Mahé Pierre, Ueda Nobuhisa, Akutsu Tatsuya, Perret Jean-Luc, Vert Jean-Philippe
Ecole des Mines de Paris, 35 rue Saint Honoré, 77305 Fontainebleau, France.
J Chem Inf Model. 2005 Jul-Aug;45(4):939-51. doi: 10.1021/ci050039t.
The support vector machine algorithm together with graph kernel functions has recently been introduced to model structure-activity relationships (SAR) of molecules from their 2D structure, without the need for explicit molecular descriptor computation.
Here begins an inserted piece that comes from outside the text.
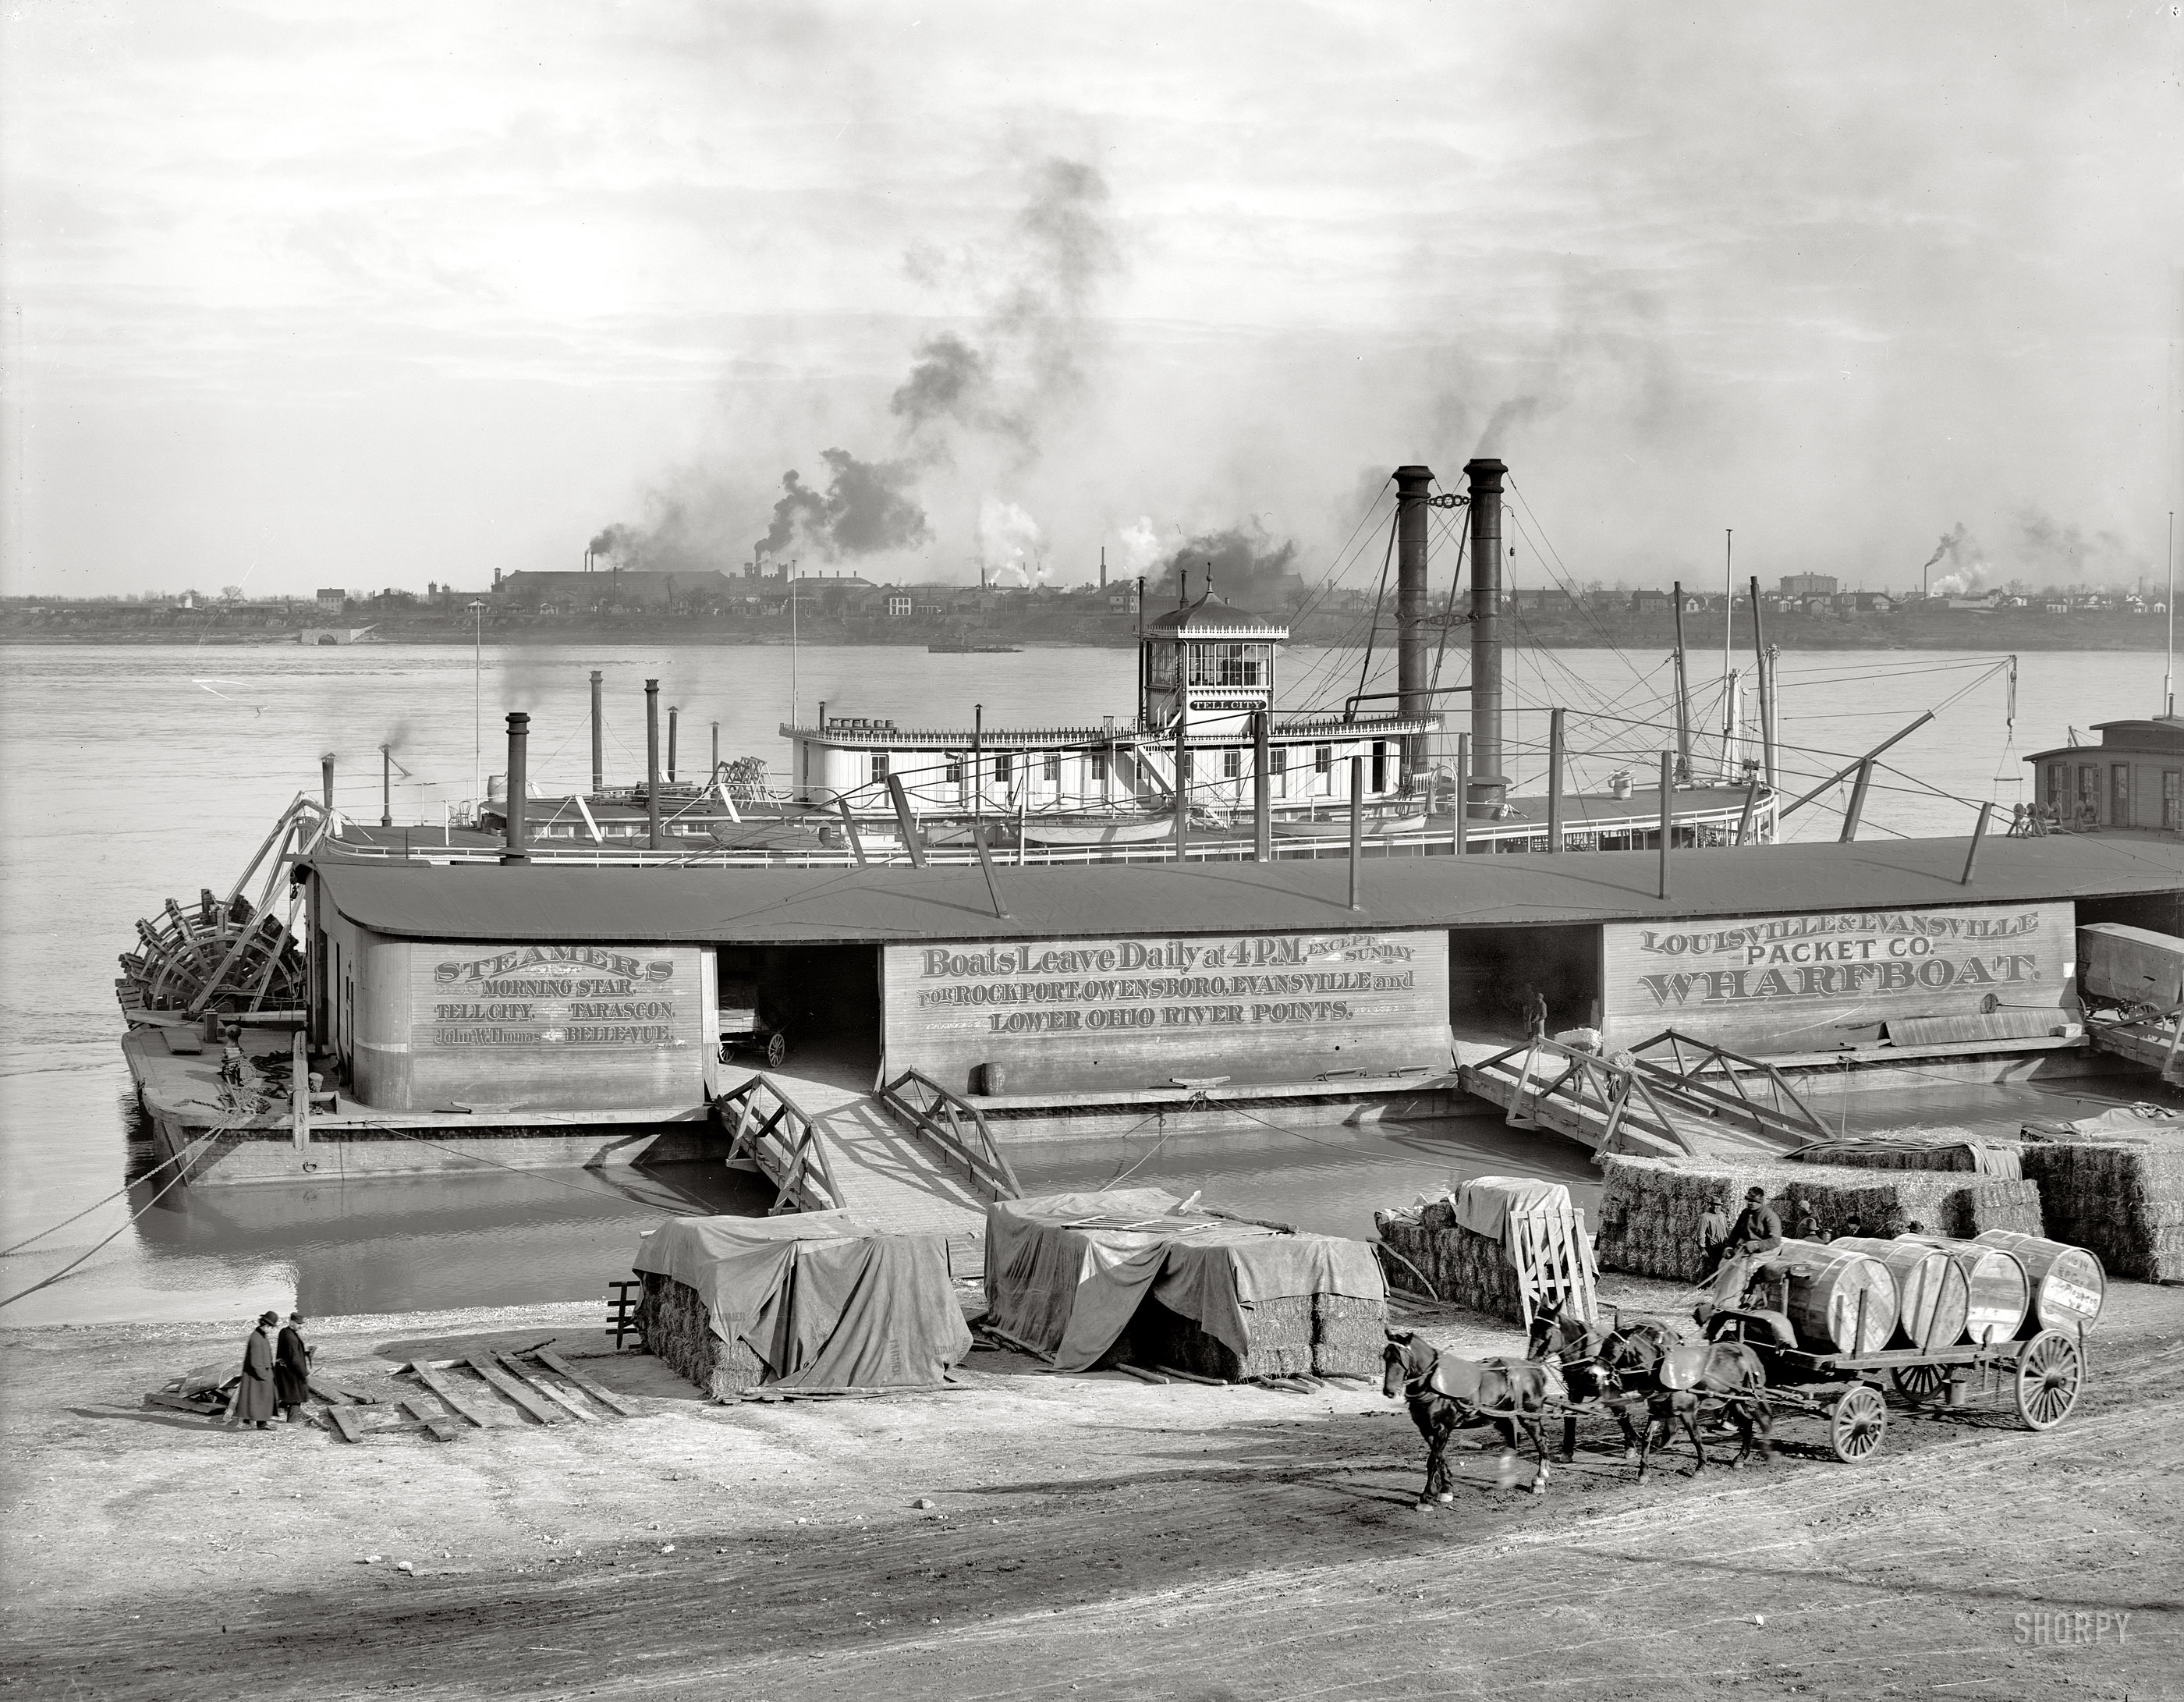 The Ohio River at Louisville, Kentucky, circa 1905. "The levee at Louisville." 8x10 inch dry plate glass negative, Detroit Publishing Company. View full size.

We propose two extensions to this approach with the double goal to reduce the computational burden associated with the model and to enhance its predictive accuracy: description of the molecules by a Morgan index process and definition of a second-order Markov model for random walks on 2D structures. Experiments on two mutagenicity data sets validate the proposed extensions, making this approach a possible complementary alternative to other modeling strategies.
支持向量机算法与图核函数最近被引入,用于从二维结构对分子的构效关系(SAR)进行建模,而无需显式计算分子描述符。我们对该方法提出了两种扩展,其双重目标是减轻与模型相关的计算负担并提高其预测准确性:通过摩根指数过程描述分子以及为二维结构上的随机游走定义二阶马尔可夫模型。在两个致突变性数据集上的实验验证了所提出的扩展,使该方法成为其他建模策略的一种可能的补充替代方法。